17.6    Handover from Hardware Vendors

Under the SAP HANA appliance or Tailored Datacenter Integration (TDI) delivery models, SAP HANA is often deployed by a hardware vendor or certified individual. Because individuals outside your organization often deploy the SAP HANA system, several key user account passwords and encryption keys must be changed after the appliance has been handed over to your organization, such as the following:

• Operating system users
  During the installation of SAP HANA, the operating system user root (sapadm) and <sid>adm are created. The <sid> portion of the <sid>adm account will be the three-character SAP System Identification (SID) chosen during the installation. For example, if the instance SID is HDB, then the operating system user will be named hdbadm. More than one SID can exist on an SAP HANA operating system, and each SID will have a dedicated user account.

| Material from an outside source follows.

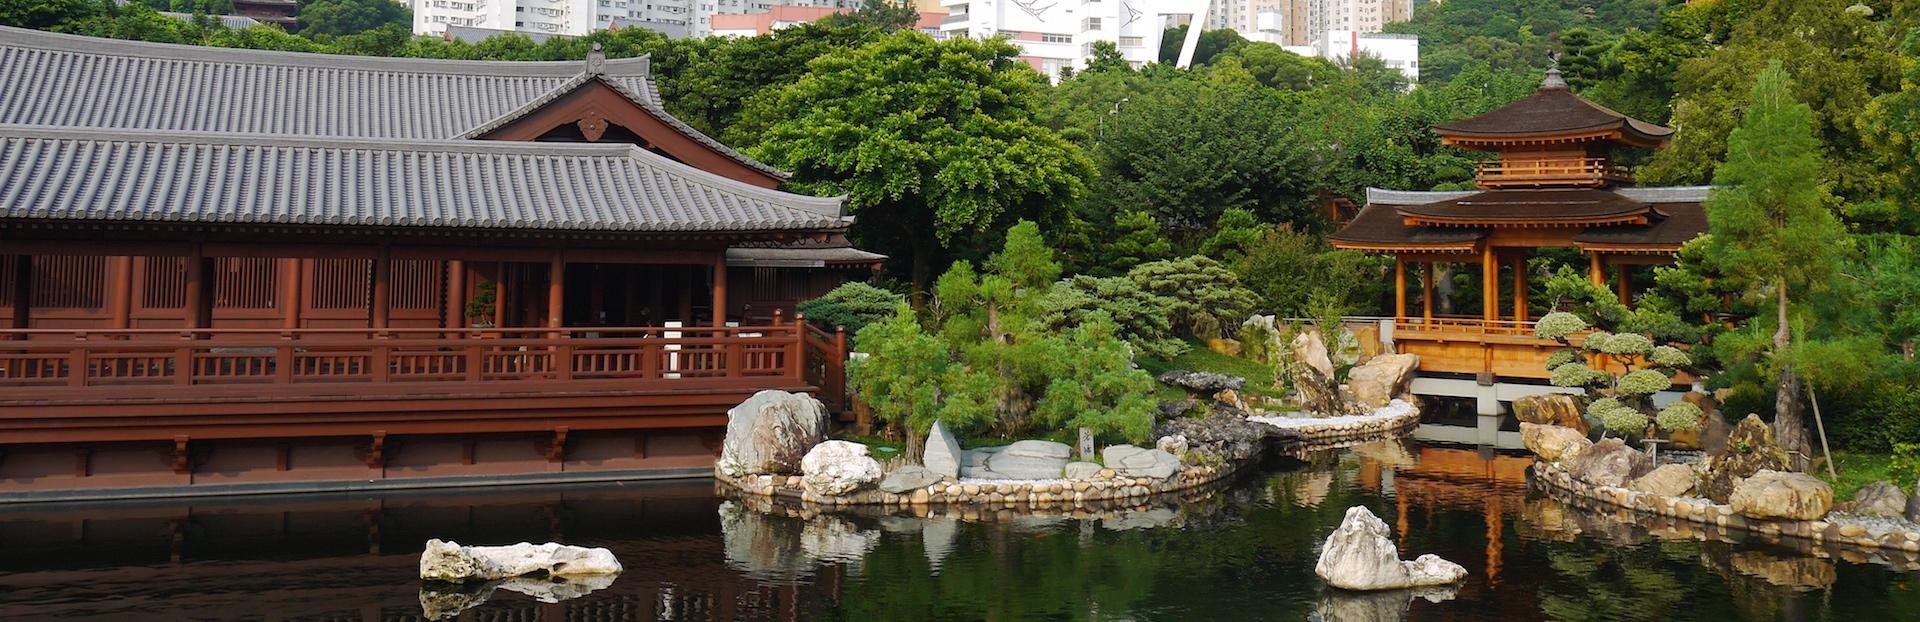 Hong Kong audio tour: Nan Lian Garden: A Journey through the Six Senses

  Once the system has been handed over from the vendor, the password for each of these accounts should be changed. In addition, any additional vendor accounts created should be disabled or deleted from the system.

• Database accounts
  During installation, the vendor must establish a password for the SYSTEM user account. Once handover is complete, the SYSTEM account password should be changed. As noted in Section 17.4, this account also should be disabled once the system is in full operation. If the vendor created any additional accounts, those accounts should also be disabled or dropped from the system.

• Encryption root keys
  Hardware vendors often use a disk image when deploying SAP HANA. Because this image might be used at multiple client sites, all encryption root keys must be changed. Even if the vendor doesn’t use a disk image, they have access to copy the encryption root keys, and therefore, all encryption root should be changed.